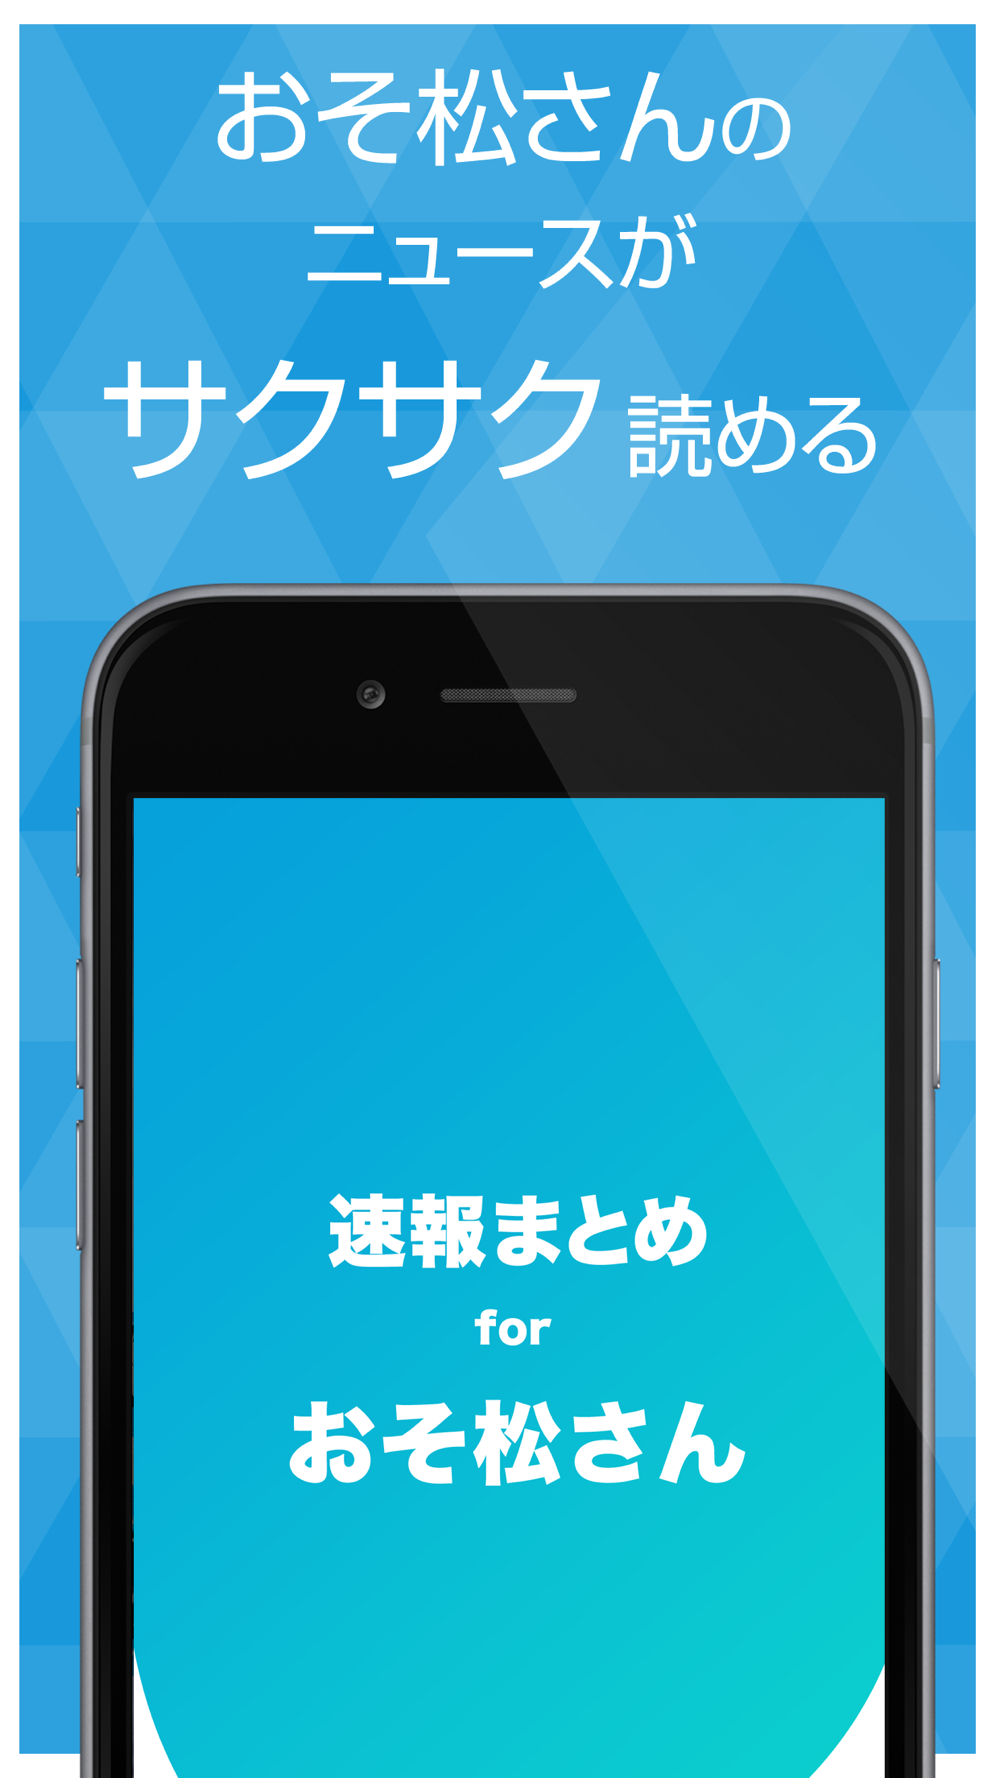 ニュースまとめ速報 For おそ松さん おそ松さんの最新情報をまとめてお届け Free Download App For Iphone Steprimo Com
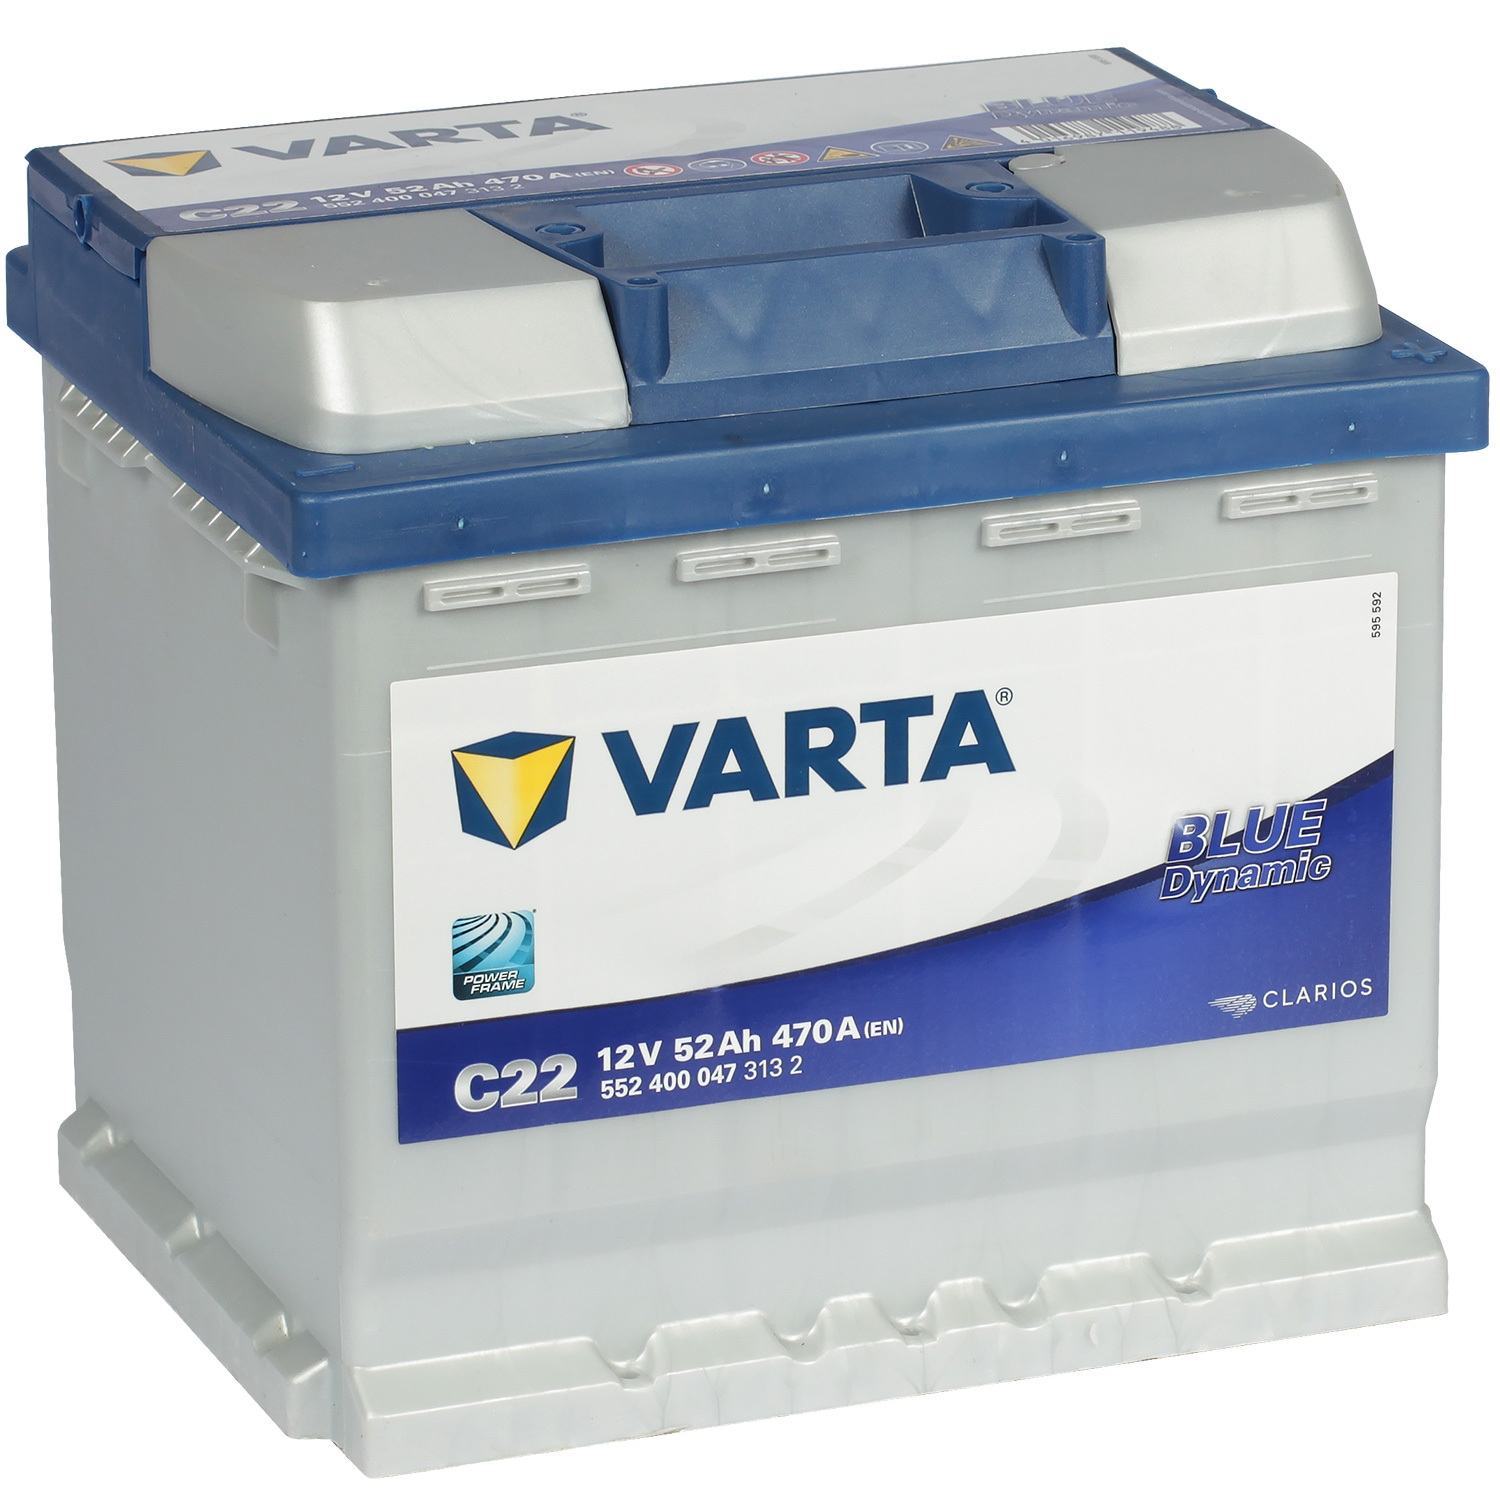 Varta Автомобильный аккумулятор Varta Blue Dynamic C22 52 Ач обратная полярность L1 varta автомобильный аккумулятор varta 45 ач прямая полярность b24r
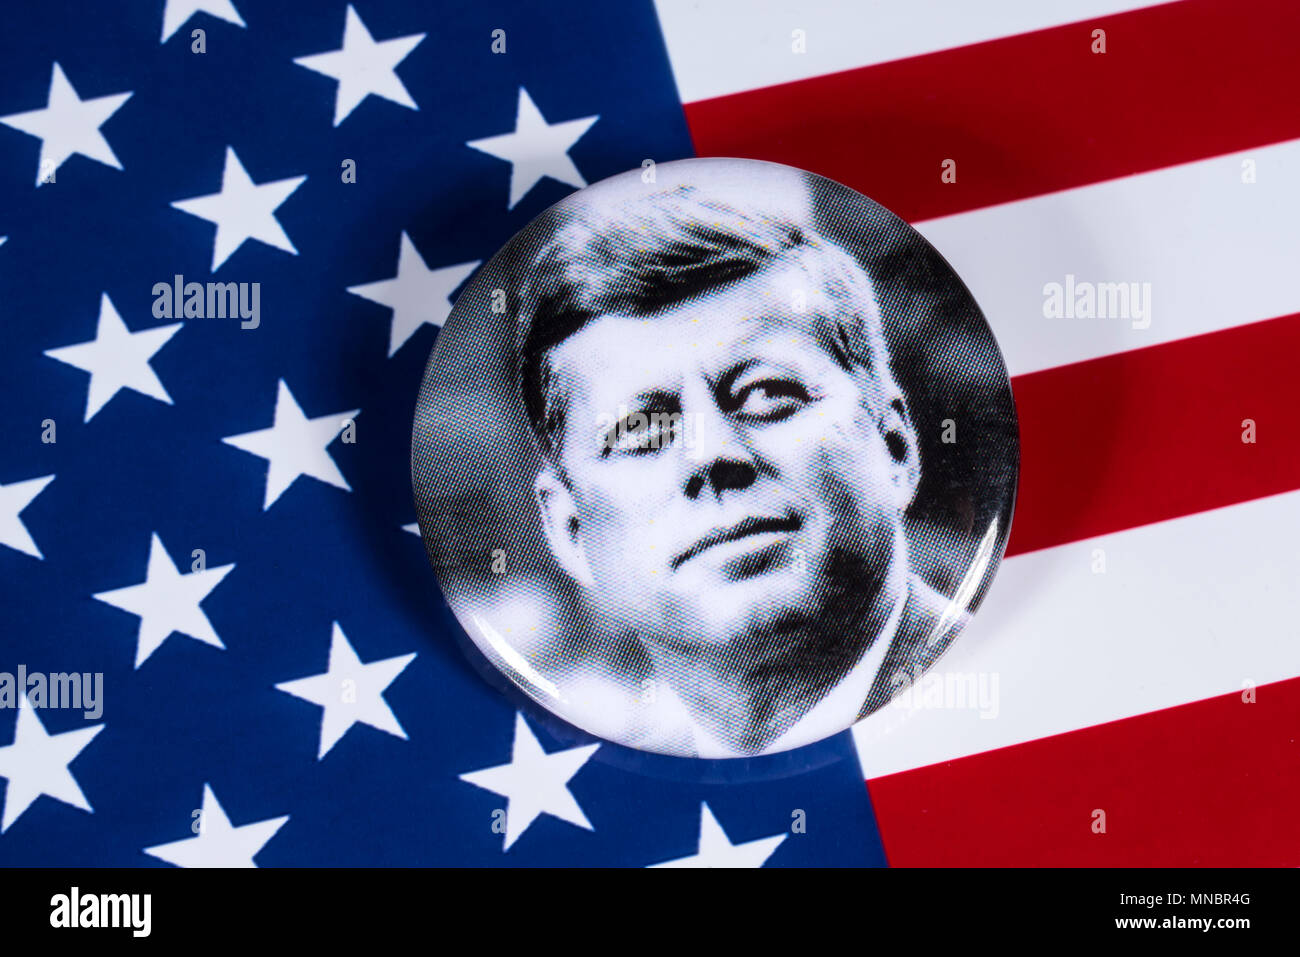 Londres, Royaume-Uni - 27 avril 2018 : un badge John F. Kennedy illustré sur les USA drapeau, le 27 avril 2018. John F Kennedy a été le 35e Président de l'ONU Banque D'Images

---------------

(TASK PROMPT): Retype exactly. Include each line from the start of the material through the line holding "Varta Автомобильный аккумулятор Varta Blue", and leave the pictures out.

(ANSWER TO THIS EXERCISE):
 ニュースまとめ速報 For おそ松さん おそ松さんの最新情報をまとめてお届け Free Download App For Iphone Steprimo Com
 Varta Автомобильный аккумулятор Varta Blue Dynamic C22 52 Ач обратная полярность L1 varta автомобильный аккумулятор varta 45 ач прямая полярность b24r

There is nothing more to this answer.